OSC staff seek to suspend Omega
Allegations of ‘serious … breaches’
Staff of the Ontario Securities Commission is seeking an order to temporarily suspend the operations of Omega Securities Inc., an alternative trading platform that captured about four per cent of trading volume in Canada in the past four quarters.
In an application filed Monday and made public Tuesday afternoon, the regulator’s staff alleges “serious and ongoing potential breaches of Ontario securities law,” and requests that the OSC temporarily suspend Omega’s registration and cease any trading by Omega “for such period as is specified by the Commission.”
A hearing into the matter is to take place Nov. 17 at 10 a.m. in Toronto.
Omega issued a statement late Tuesday saying it will “vigorously oppose” the OSC’s temporary order.

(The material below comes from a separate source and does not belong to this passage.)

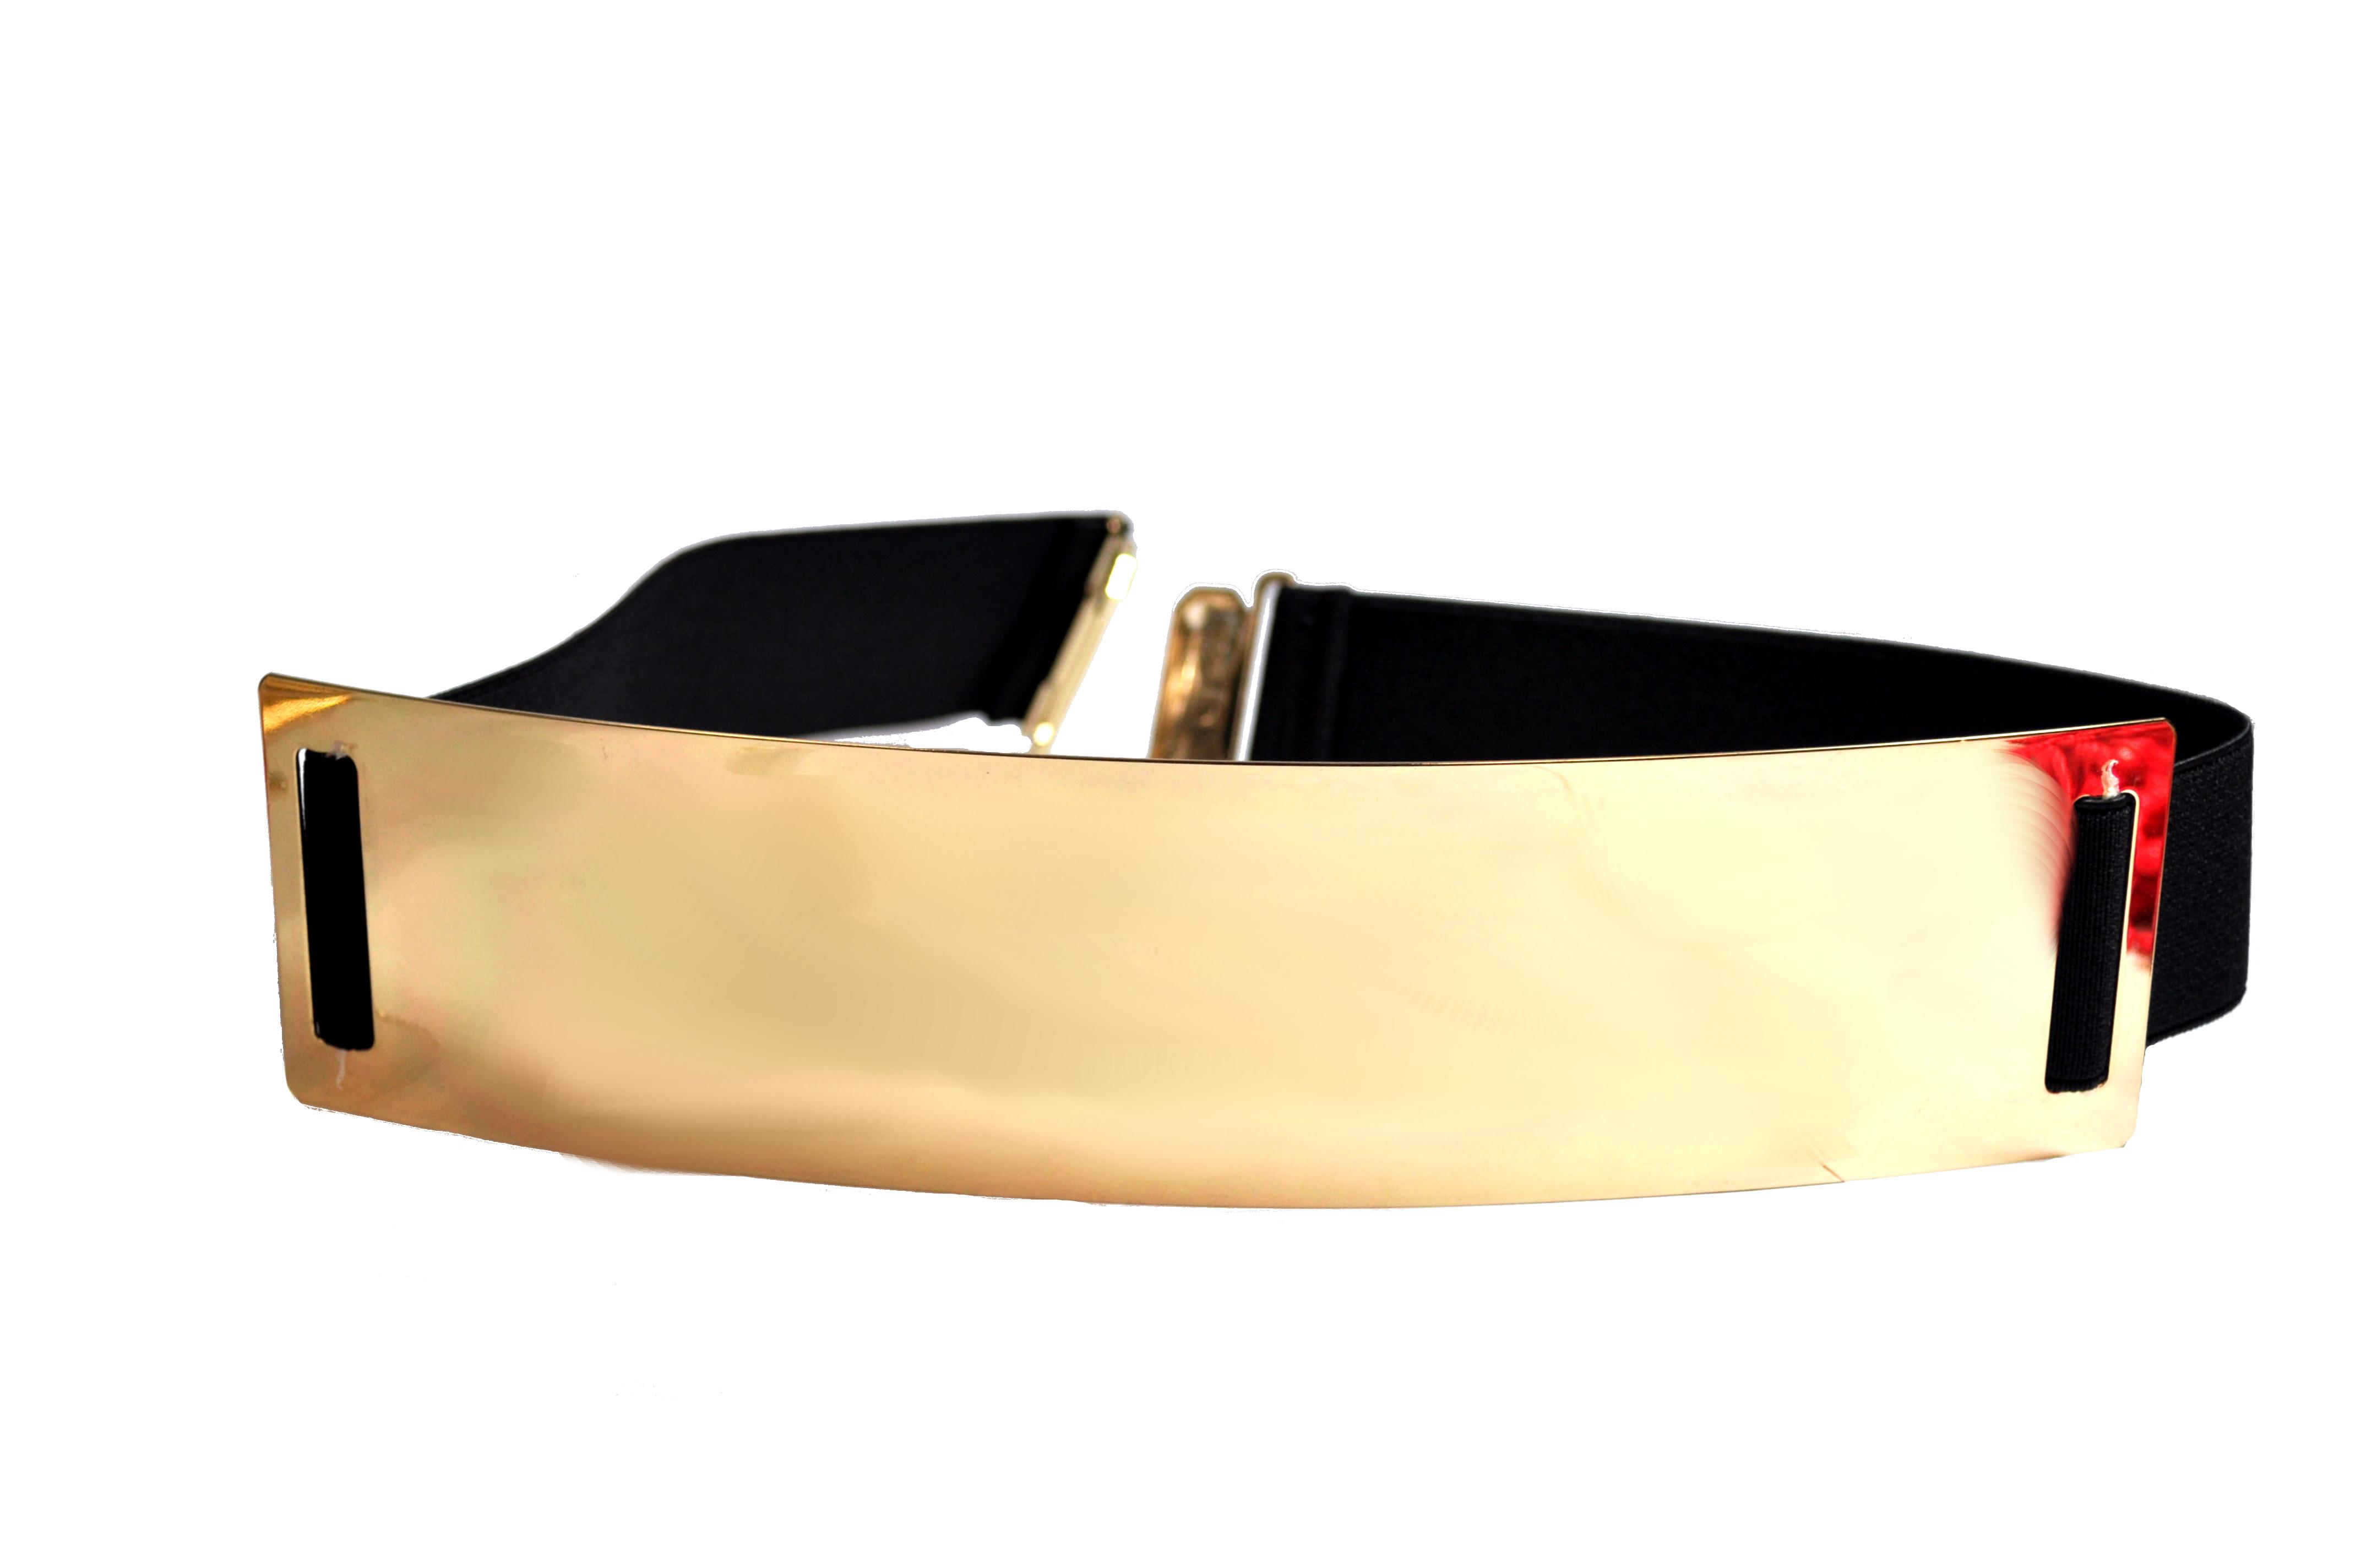 Gold And Black Cummerband Belt-0

“Omega firmly believes that its trading systems operate with integrity and have offered a valuable service to the market for approximately 10 years, and that its market data is distributed in a fair and orderly fashion,” said Sean Debotte, chief executive of Omega Securities Inc. “None of Omega’s market participants are being disadvantaged or treated unfairly in any way whatsoever.”
In the document filed by OSC staff, signed by litigation counsel Keir Wilmut, four alleged breaches of the policies that govern the platform are cited as the reason for seeking the application for a temporary suspension.